Ela fica observando o cara dormindo. ele aproveita que ela parou de falar e
começa a ler.
-
Sabe de uma coisa.
Dessa
vez ele não se da o trabalho nem de tirar os olhos do livro.
-
Sempre que eu viajo eu tenho a impressão que o banco dos outros deita muito
mais do que o meu. – força uma tosse tentando acordar o passageiro que está
dormindo. Todos olham para o banco onde eles estão, menos o homem que continua
dormindo. Enfia a cara dentro do livro.
-
Senhor esse é o meu lugar.
-
Claro que não!
- É
senhor, está aqui no bilhete 33.
-
Pois é eu sei, está no meu também.
-
Não tem como estar no teu.
-
Está.
-
Então pega o bilhete pra eu ver.
-
Porque?
-
Porque eu quero que o senhor prove que não está no meu lugar.
- Eu
não tenho que te provar nada.
-
Como não?
-
Não tendo.

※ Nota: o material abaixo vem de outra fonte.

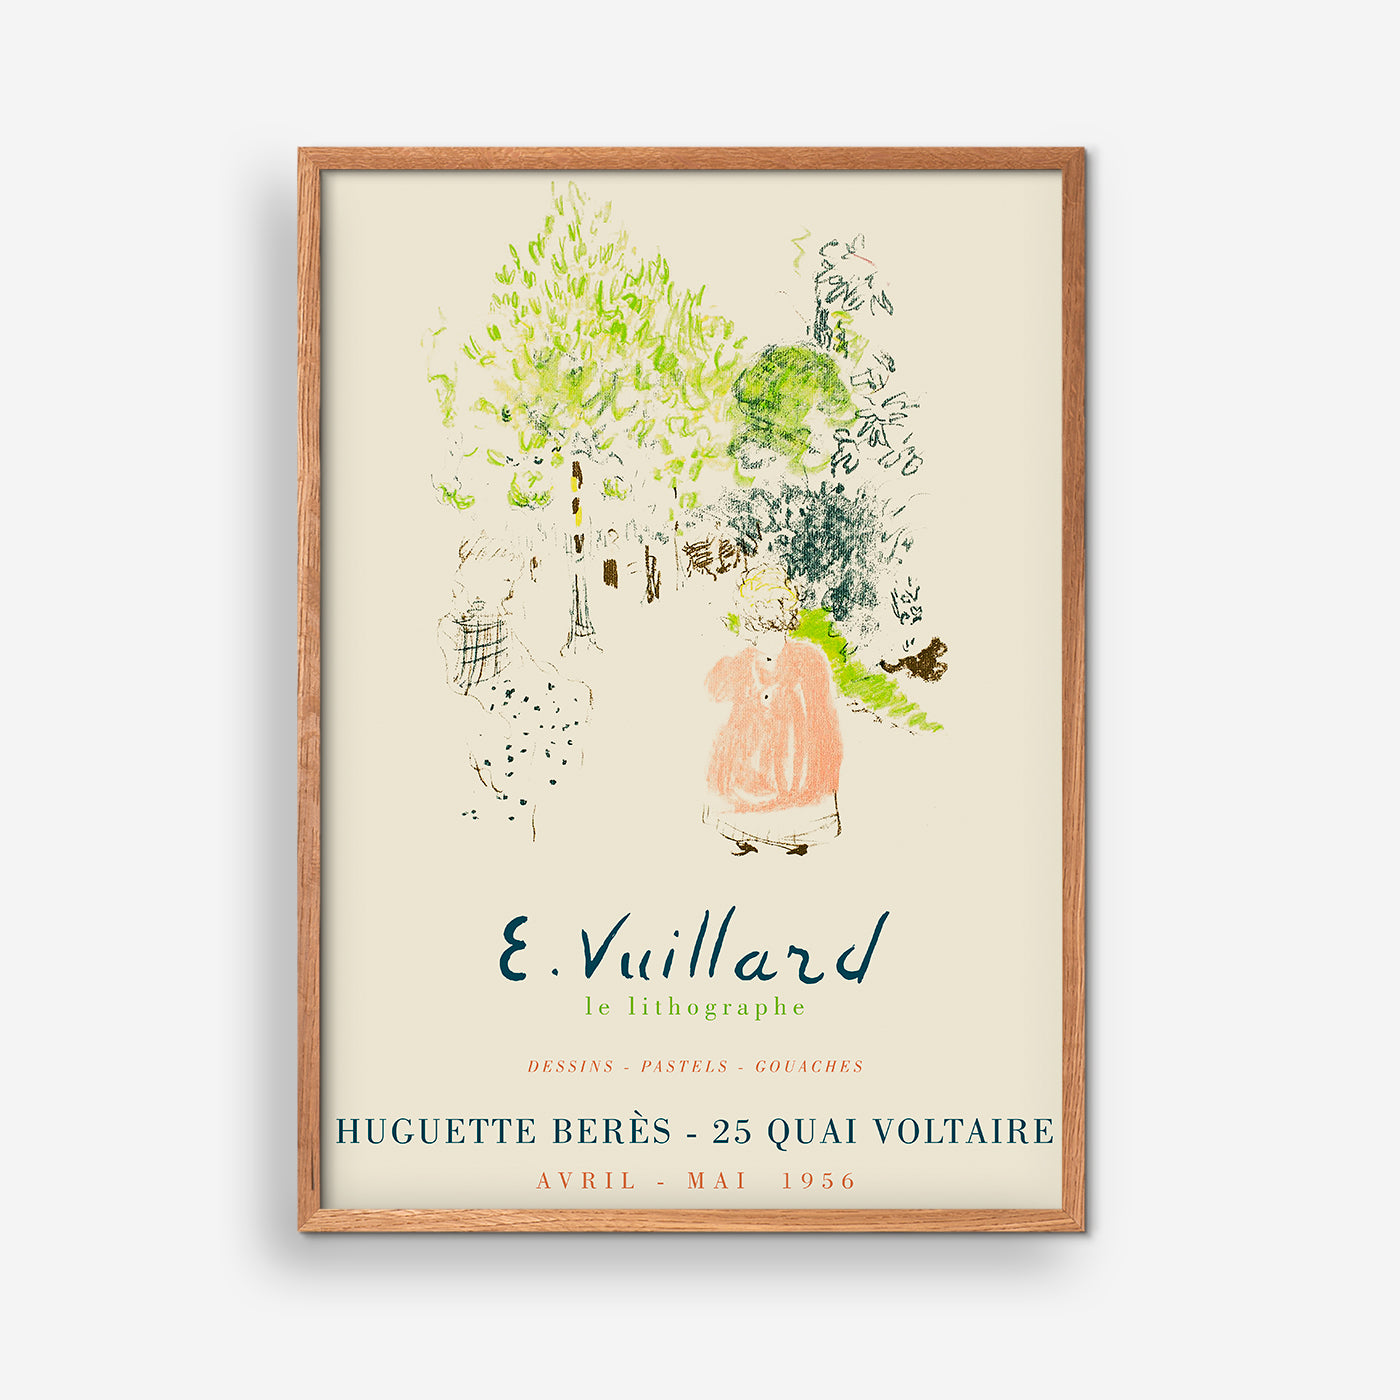 E. Vuillard Exhibition poster

E outra olha o tanto de banco vago que tem.
-
Mas eu não quero esses bancos vagos. Eu quero o meu banco. E outra, e se eu
sento no lugar de alguém e essa pessoa chega.
-
Você sai.
-
Então sai o senhor.
-
Porque?
-
Porque o senhor está no meu banco.
Silencio.
- Senhor?
-
Oi?
-
Faz favor?
-
Depende o que?
Ela
fica parada com a mão na cintura olhando pra ele.
-
Esse é o meu lugar.
-
Como seu lugar?
- O
senhor está na poltrona 33, certo?
- Sim.
- E
aqui no meu bilhete está escrito: poltrona 33. – mostra pra ele.
-
Certo.
-
Então logo o senhor está sentado na minha poltrona.
-
Não estou. Estou na minha.
-
Senhor.
-
Cade o seu bilhete.
- Na
minha bolsa.
-
Cade a sua bolsa?
- Aí
em cima.
-
Então pega ela.
-
Não.
-
Por que não?
-
Vai se eu levanto pra pegar e alguém senta no meu lugar?!
Silencio.
Ela fica parada olhando pra ele. Então pega a bolsa que está no compartimento
acima da cabeça dela e joga pra ele, que tira o bilhete e mostra pra ela.
-
Viu, poltrona 33.
-
Como assim?
-
Viu!
Finalmente
o motorista aparece para intervir.
- O
que está acontecendo aqui?
-
Ele está no meu lugar. – fala e entrega o bilhete para o motorista que confere.
- Não
estou não. – diz ele.
-
Senhor? – diz o motorista olhando com cara de reprovação.
-
Caramba parece que ninguém aqui confia em mim mesmo. O que será que tem de
errado comigo?
Saca
o bilhete, entrega para o motorista, que observa em silencio.
- E
aí diz pra ela como eu não estou na poltrona errada.
- É realmente
ele não está na poltrona errada.
Ele
abre um sorriso de comemoração. Ela se põe a questionar.
-
Mas como...
-
Ele está no ônibus errado.
O
sorriso dele some da cara. Enquanto o dela aparece.
- O
seu é aquele do lado que já saindo, se o senhor não correr vai perder.
Ele
junta as coisas e sai rapidamente. Ela senta vitoriosa.
Ele
ainda está com o livro aberto na mesma pagina. Ela ainda não parou de falar.
- Eu
acho que deveriam lançar um Kama-sutra, com posições para dormir no ônibus de
viagem.
Ele
só balança a cabeça.
-
Cometa-sutra, é um bom nome. Cometa-sutra.
Um
homem chega perto da poltrona deles e para. Ela fica em silencio. O homem
confere o bilhete, o numero, o bilhete o numero.
- O
senhor está na minha poltrona.
-
Não.
-
Está sim. 33, essa é a minha poltrona. E dessa vez eu tenho certeza. –
argumenta o homem que a poucos minutos estava no ônibus errado.
O
homem saca o bilhete do bolso e confere, ele realmente está no errado, o seu é
o 36. Então ele fecha o livro e se encaminha para a poltrona correta, dando
graças a Deus por estar errado. O outro homem senta, dessa vez no lugar certo.
Silencio. A mulher que está na poltrona do lado, solta um suspiro.
- Eu
não sei porque, mas consigo dormir no ônibus de viagem.